Well look at some of his other junk.
A mexican sombrero for only $499.
? ? ?


----------



## SCOTSMAN (Aug 1, 2008)

Love you guys/n/gals every one of you is special very special you have great hearts of gold you deserve the best .Alistair


----------



## bigkev (Mar 16, 2011)

I see exorbitant prices on items from the UK and exorbitant shipping on items from the UK all the time.


----------



## TheDane (May 15, 2008)

Alistair-Guess I'm in the wrong business!

Have a blessed Christmas!

-Gerry


----------



## 33706 (Mar 5, 2008)

My first reaction is *'why not make our own*?' 




Easy!


----------



## ajosephg (Aug 25, 2008)

Well--there is a big difference between putting something up for sale, and making a sale. Like if I put my house on the market for a million dollars and actually getting somebody to pay it.


----------



## TopamaxSurvivor (May 2, 2008)

Looks like he has a knack for locating fools http://www.ebay.co.uk/itm/ws/eBayISAPI.dll?ViewItem&item=350511934376


----------



## HalDougherty (Jul 15, 2009)

Click on the feedback # after his user name and you'll see items listed that he sold and got feedback on. He actually sold a few high dollar wood items, but on the 1st page, I don't see any comments about mushrooms. Just because an item is listed, doesn't mean it will sell…
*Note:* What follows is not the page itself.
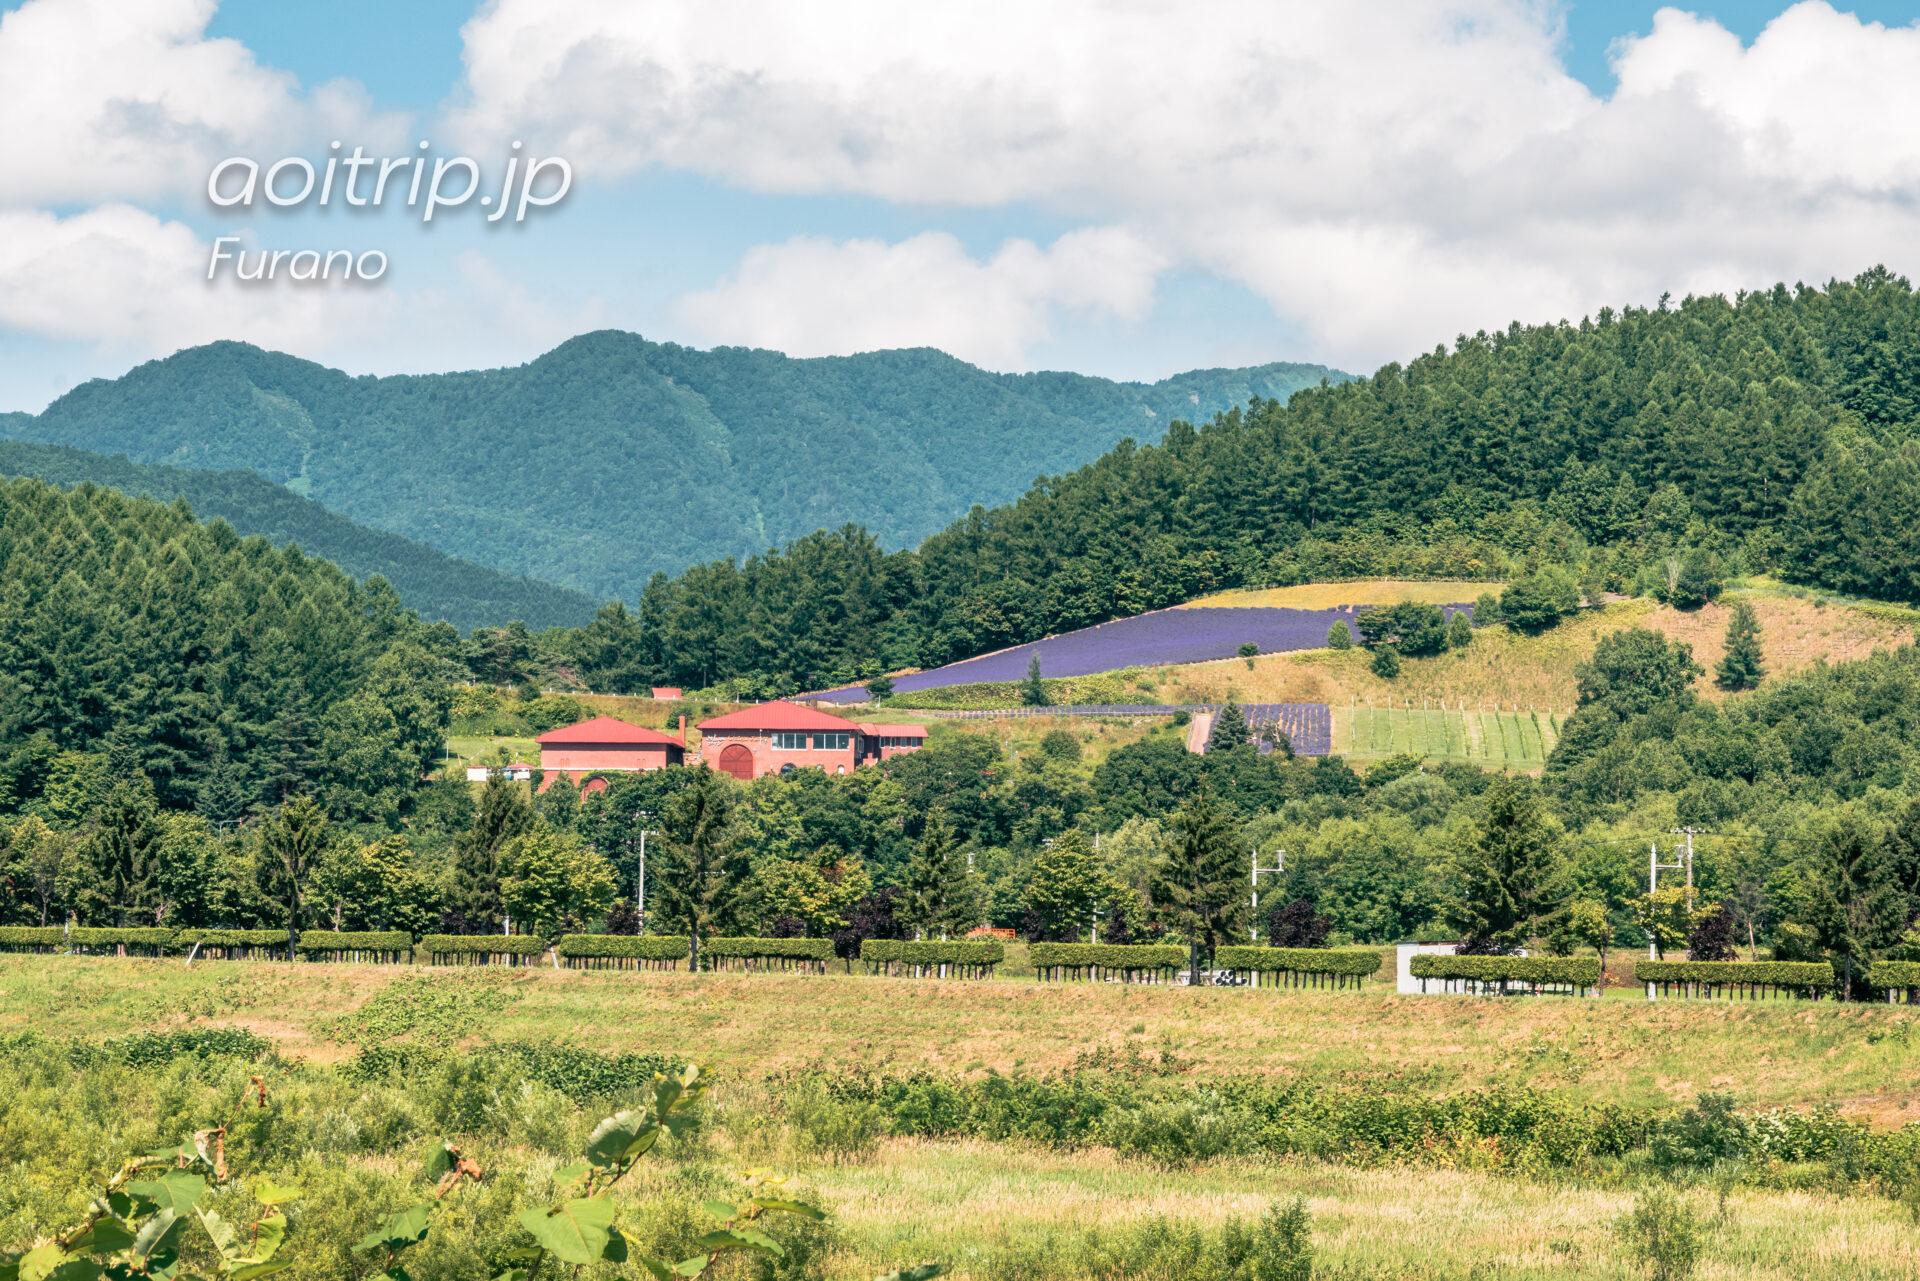 ふらのワインハウスの外観 Furano Wine House
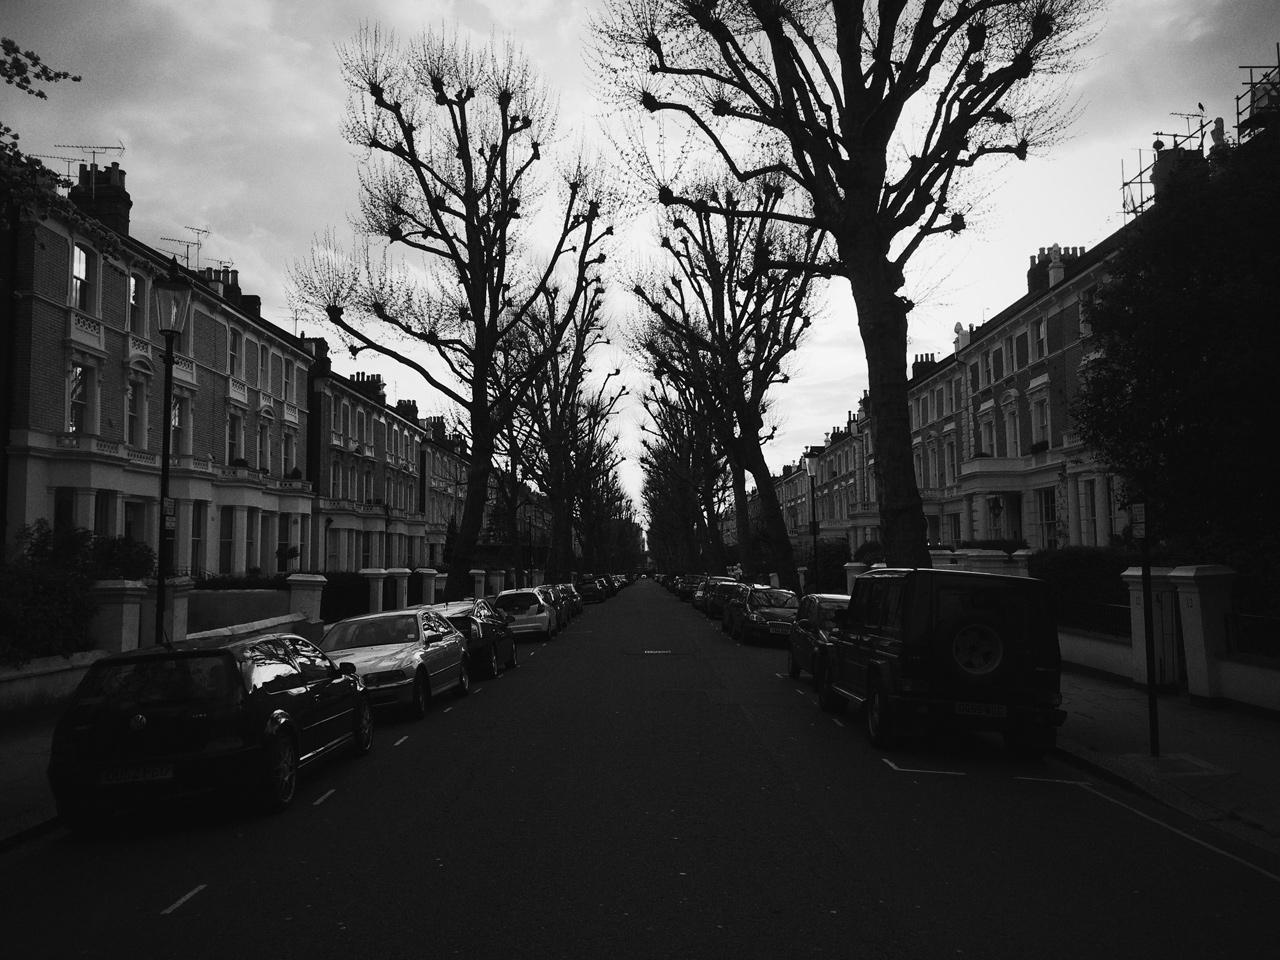 uma rua vazia num bairro residencial em londres

The auction that impresses me the most is one on etsy… Some seller has a quart jar of sawdust for $20. You'll have to see this auction to believe it. I have burned thousands of dollars worth of this stuff…

www.etsy.com/listing/68854537/


----------



## Tootles (Jul 21, 2011)

Ah but you see, the mushroom is signed and the sawdust comes with a certificate! It's not so much the product as the added value that people are being asked to pay for.

The bit I like about the sawdust is the answer to the question of "when will I receive my items?". Here you go, read this and weep …

All of our items are custom made to order & therefore special time is needed to create & personalize each and every order - Most orders do SHIP within 2-3 weeks but larger orders may take a bit longer. We appreciate your understanding!

Obviously we all need an attitude adjustment. The items we make are just a by-product of the really valuable sawdust that gets produced! Well now I've seen it all.


----------



## Bagtown (Mar 9, 2008)

Well folks, as it turns out I have a fortune down in the shop in my trash can/dust collector separator. Excuse me while I go and print some "Certificates of Authenticity", and get me an Etsy account.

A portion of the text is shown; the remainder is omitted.